Please Help with Math!!!!?

P(x) = -x^2 + 121x - 500
Take the derivative:
P'(x) = -2x + 121
0 = -2x + 121
121 = 2x
65.5 = x
65.5 is the number of tickets to get a maximum profit; P(65.5) will tell you how much max profit is:
P(65.5) = 121(66.5) - 500 - (66.5)^2
P(65.5) = 3124.25
$3124.25 is the maximum profit; 6550 must attend (65.5*100)<=====ANSWER

Pc = profit of concession stand
Pa = admission profit
x = number of people attending (in hundreds)

Pc = 15x - 500
Pa = 106x - x²

a. Write an equation for the total profit for P in terms of the number of people x (in hundreds).

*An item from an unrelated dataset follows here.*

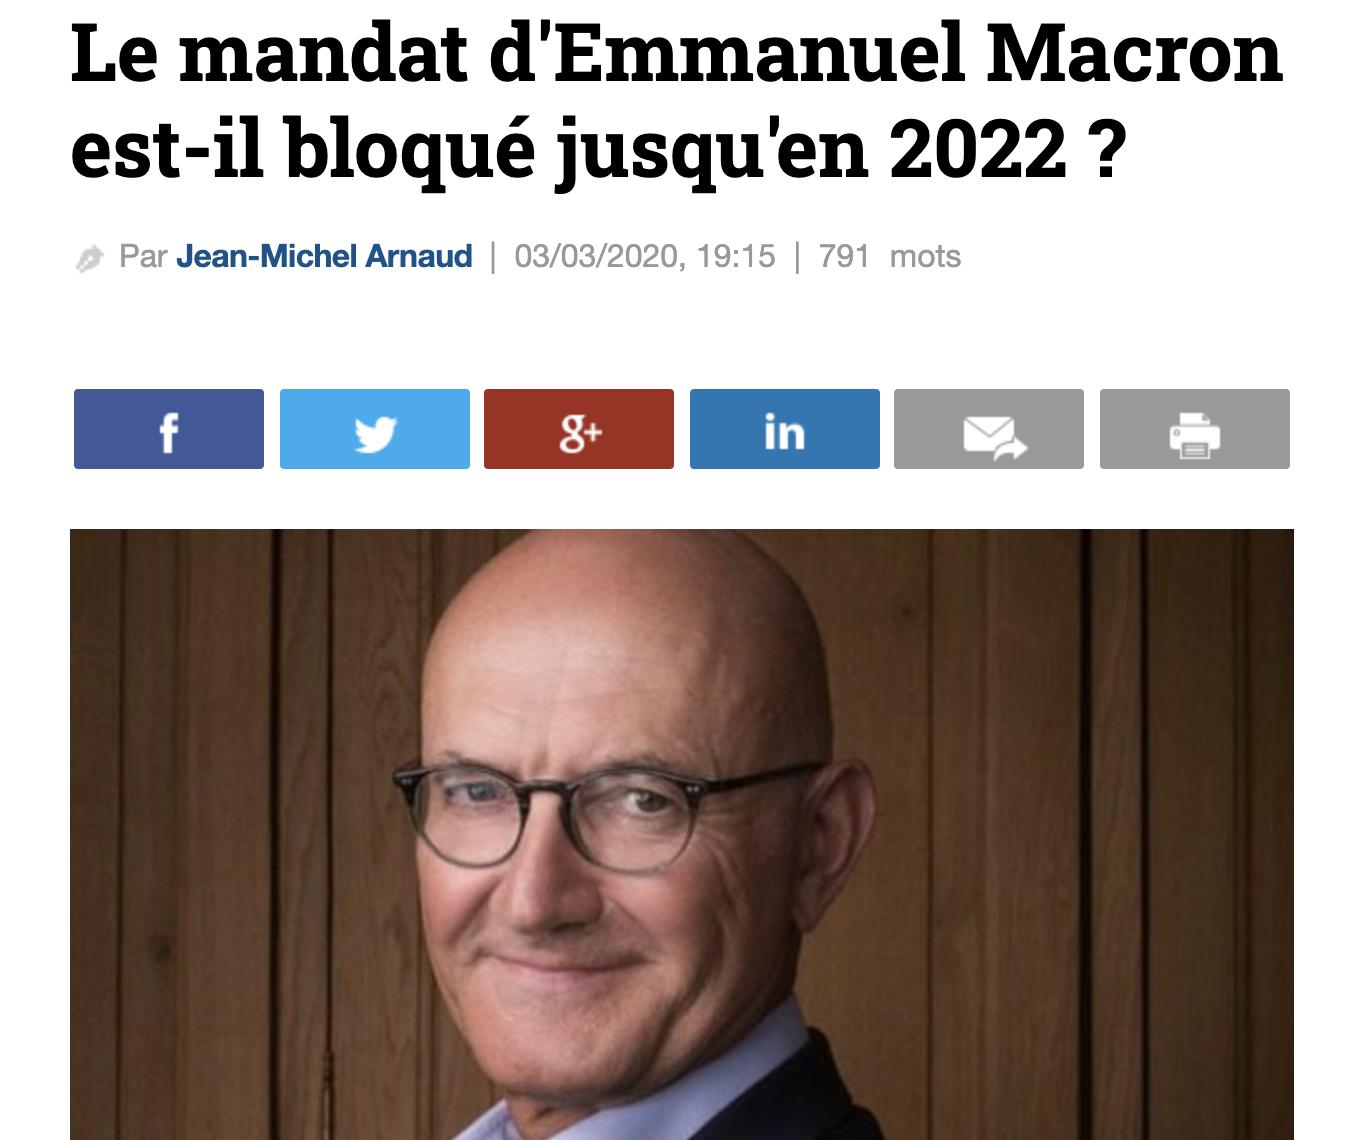 Le mandat d'Emmanuel Macron est-il bloqué jusqu'en 2022 ?

P = Pc + Pa = 15x - 500 + (106x - x²) = 15x - 500 + 106x - x² = -500 + 15x + 106x - x²

P = -500 + 121x - x²

b. What is the maximum profit? How many people must attend in order to achieve the
maximum profit?
...100s Profit
58.0 $3,154.00
59.0 $3,158.00
60.0 $3,160.00
60.1 $3,160.09
60.2 $3,160.16
60.3 $3,160.21
60.4 $3,160.24
60.5 $3,160.25 MAX PROFIT
60.6 $3,160.24
60.7 $3,160.21
60.8 $3,160.16
60.9 $3,160.09
61.0 $3,160.00
62.0 $3,158.00
63.0 $3,154.00

P(x) = -500 + 121x - x²

P(60.5) = $3,160.25 Maximum Profit

x = 60.5 x 100 = 6,050 attendees for maximum profit

You got the "P" part correct. Now you need the find the value of x, where one more or one less person means less profit. That means that the slope of P against x is zero. Because if the slope was not zero, that would mean that one more (or one less) person would result in more profit.

So if P = -x^2 +121x = 500, then what is the slope of P?

Use derivative tests:
f'(x)=121-2x=0. x=121/2
f''(x)=-2 which indicates downward concavity, implying a maximum.

Evaluate f at critical point:
f(121/2)=121(121/2)-500-(121/2)^2=3160.3

Take the first derivative of the equation for total profit (from part a.).
Find the value of x for which the derivative is zero.
Use that value of x in the total profit equation.

P = -x² + 121x - 500
dP/dx = -2x + 121
dP/dx = 0 when x = 121/2

max P = -(121/2)² + 121(121/2) - 500
=====
A solution that doesn't use derivatives:
P = -x² + 121x - 500 is the equation of a down-opening parabola. Put the equation into vertex form.

P = -(x² - 121x) - 500
complete the square
P = -(x² - 121x + (121/2)²) + (121/2)² - 500
= -(x - 121/2)² + (121/2)² - 500

The vertex is at (121/2, (121/2)²-500).
Thus, the max profit is (121/2)²-500 and is achieved when x = 121/2.